Tlapoua pampa choloa
Lire pour fuir / Chambre d'Itzan / Solo
Au début, c’était simplement lire un livre un peu plus longtemps. Ensuite, ça a été d’ajouter à cette lecture divers mangas, BD, romans graphiques en tout genre pour prolonger sa soirée. Et quand ça ne suffisait pas, il se surprenait même à aller récupérer des manuels de cours pour les lire. Un peu dans le vide certes, mais ça occupait son esprit, et l’évitait de penser à l’heure qui tournait, et à la lune bien haute dans le ciel. Il s’est mis à papouiller Doudou aussi, longtemps, bien plus que d’ordinaire. La boule rose ne s’en plaignait pas, appréciant les attentions de son dresseur, et endormi presque instantanément sous ses doigts experts. Mais elle a bien fini par comprendre que cela cachait tout autre chose.
Ensuite, lorsque tout cela n’a plus suffit au gitan, il a ajouté de nouvelles étapes. Trainer le plus tard possible avec les copains, sans jamais les forcer à faire le mur, mais profitant de chaque minute qui leur était permise. Il a même commencé à raccompagner tout le monde dans sa chambre, un à un, allongeant son temps de trajet jusqu’à sa propre chambre. Parfois, il faisait également trainer longtemps ses soirées dans la chambre de Candice.

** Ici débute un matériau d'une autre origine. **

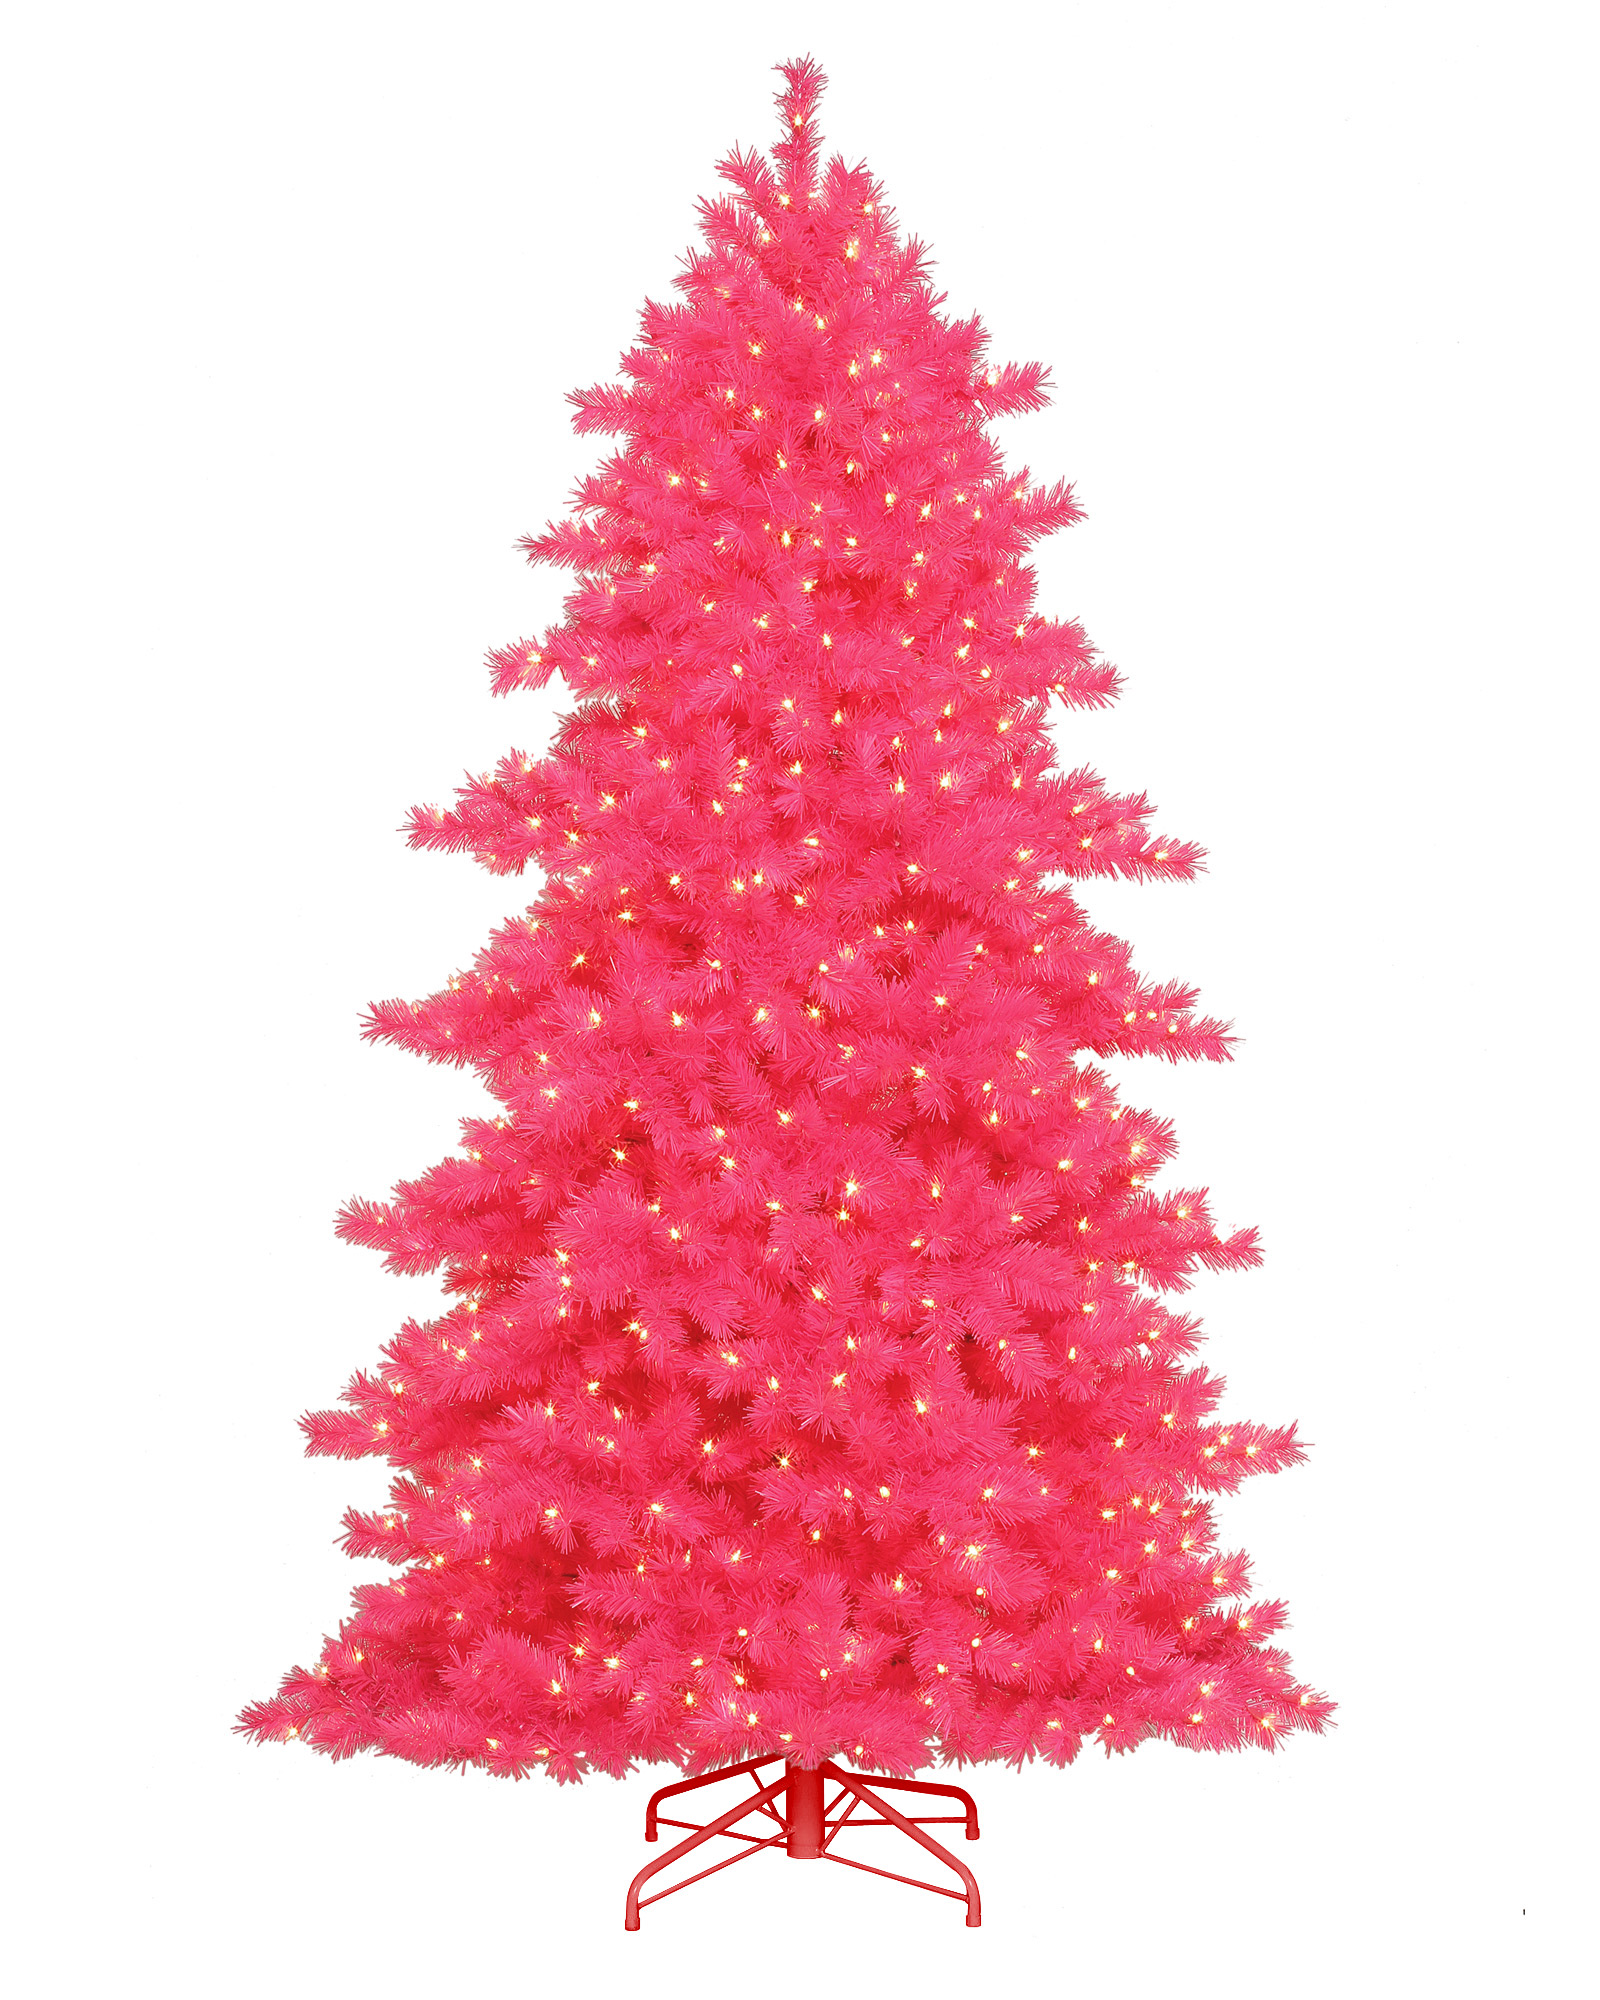 Some Like It Hot Pink Christmas Tree | Treetopia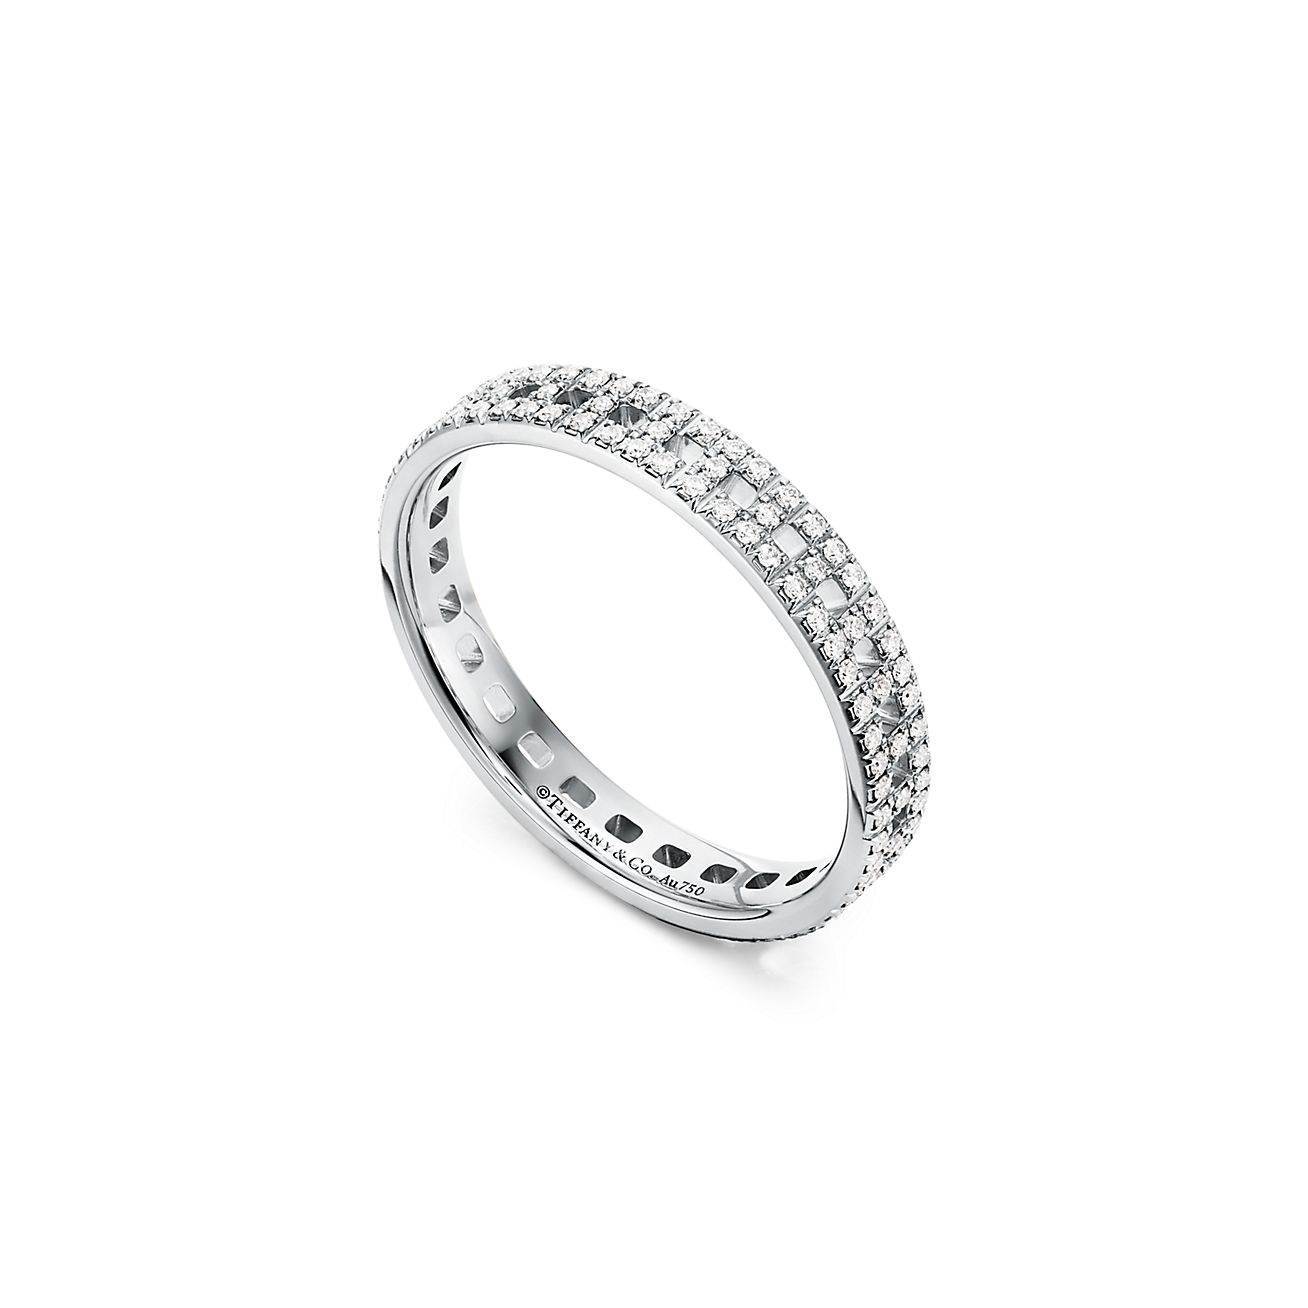 Tiffany T True narrow ring in 18k white

Très longtemps. Il savait que la presque jeune femme n’était pas dérangée par ça, bien au contraire. Au creux de sa petite chambre chez les Givralis, le couple s’est adonné à de longs moments de tendresse, de complicité, et de découverte de soi. Mais être un couple tape à l’œil à ses défauts, et ils savent que le garçon est surveillé lors de ses excursions chez les filles. Alors il ne peut pas rester extrêmement longtemps, pas à chaque fois en tout cas. Alors, quand il sent sa belle fermer doucement ses yeux, terrassée par la fatigue de sa journée, il lui dépose simplement un baiser sur ses lèvres avant de quitter les lieux, retournant à contre cœur dans sa propre chambre.
Parce que dès l’instant où il s’assoit sur son lit, cette sensation de malaise lui revient. Il ne peut pas s’en empêcher. Il ne contrôle plus son corps et cette drôle de sensation qui lui serre le cœur chaque fois qu’il pense à l’idée d’aller dormir. C’est toujours pareil. Depuis la rentrée, il a des visions encore et encore. Et depuis sa dernière grosse crise d’angoisse, il a mis en place sans vraiment s’en rendre compte tout un tas de mécanisme d’évitement pour ne pas dormir. Ou en tout cas le plus tard possible. Le plus souvent il est une heure du matin, peut-être deux, lorsque son corps craque et le pousse à se glisser sous les draps, sans savoir ce que les esprits nocturnes vont lui infliger.
Et comme toutes les nuits depuis déjà un temps qui lui parait infiniment long, il se réveille en sursaut. La main dans ses cheveux, il observe son réveil. 5h55. Il sait qu’il ne se rendormira pas. C’est trop tard maintenant.
En revanche, il sait qu’aujourd’hui, surement en début d’après-midi, il va y avoir un accident sur le parking du centre commercial. Rien de grave, quelqu’un qui n’avait pas vu en faisant une marche arrière qu’il y avait un piéton. Il n’allait pas assez vite pour faire de gros dégâts, la victime s’étant simplement fracturé le poignet.
Cela va surement finir dans les petits journaux locaux.
Mais cela va se produire. Sans aucun doute. Car les esprits nocturnes lui montrent tout, pourrissant ses nuits.